After sea hunt
Linda Sherwood | sacramento, CA | 09/25/2010
(5 out of 5 stars)
"When I found this but hadn't heard of it and I read the details-----it sounded good----it was, real good--suspenseful!!! So far I haven't seen anything Lloyd Bridges did that wasn't good. When I was in Jr. High, I lived in an ordinary everyday neighborhood. Lloyd Bridges was doing Sea Hunt then & lived two blocks away. When my two girl friends and I walked to our park we went by his house. If he was outside doing some work or playing basketball with Jeff and/or Beau he always said HI to us & said we should have a good day or going to the park girls? I've always remembered how down to earth he was---not how some stars (?) are today. This isn't a Airplane movie, a Hot Shots one but a who dunit----I now know WHO DUNIT----will you know WHO DUNIT???? He is strong in this & his acting reminds me of how he was in High Noon---strong, forceful. So, if you like Lloyd Bridges then I think you'd enjoy this."

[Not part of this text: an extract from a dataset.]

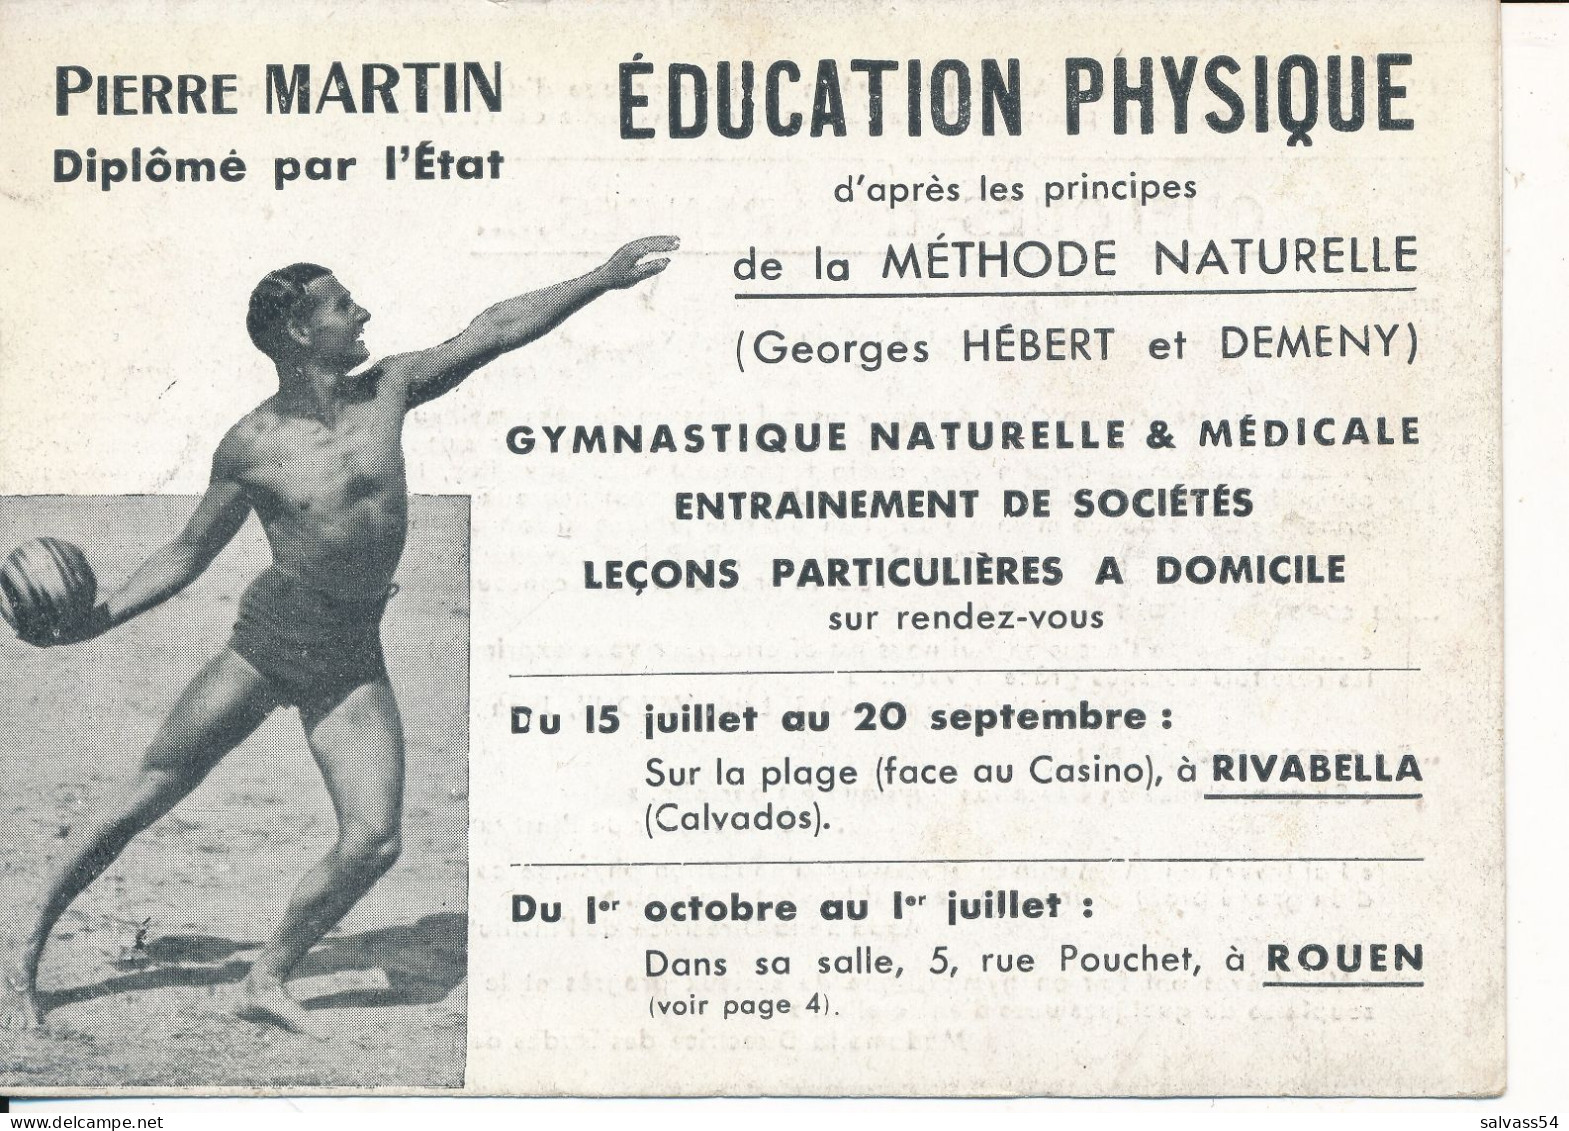 DEPLIANT PUBLICITAIRE 4 VOLETS - SPORT EDUCATION PHYSIQUE - Pierre Martin - ROUEN - Pubblicitari

ONE SHOULD ENDEAVOUR TO MISS THIS ONE.
rsoonsa | Lake Isabella, California | 01/03/2006
(1 out of 5 stars)
"A critically important component of virtually all successful cinema is suspense, a perception of uncertainty within the viewer as to what may ensue from the events occurring upon the screen, whichever genre, present even when we know an outcome (APOLLO 13) if the work is done well; all of which is meant to point to a total absence of suspense in this weakly directed feature, that dully plods from scene to scene until its flat ending. Lloyd Bridges, cast as police sergeant Ed Stagg, has discovered that the husband (Frank Converse) of his daughter Tina (Sallie Shockley) is dallying with a local chippy and during Stagg's attempts to end the adultery, he accidentally commits a murder, upon which he forges a plan to place responsibility for the crime upon a local inebriate, tangentially providing a question of the title: was Scott's "What a tangled web we weave..." (Marmion) the intended source, inaptly transposed into "tattered"? (an amendment that would be of a piece within this poorly crafted affair). The film is steeped in cliche, hampered by a witless score, and the acting from the three mentioned leads is often embarrassingly bad, notably in the case of Bridges, which might be attributed to the hackneyed script if it were not that Anne Helm as the doxy and Murray Hamilton as Stagg's partner manage to make something of their material, while Broderick Crawford rises above his during his few scenes.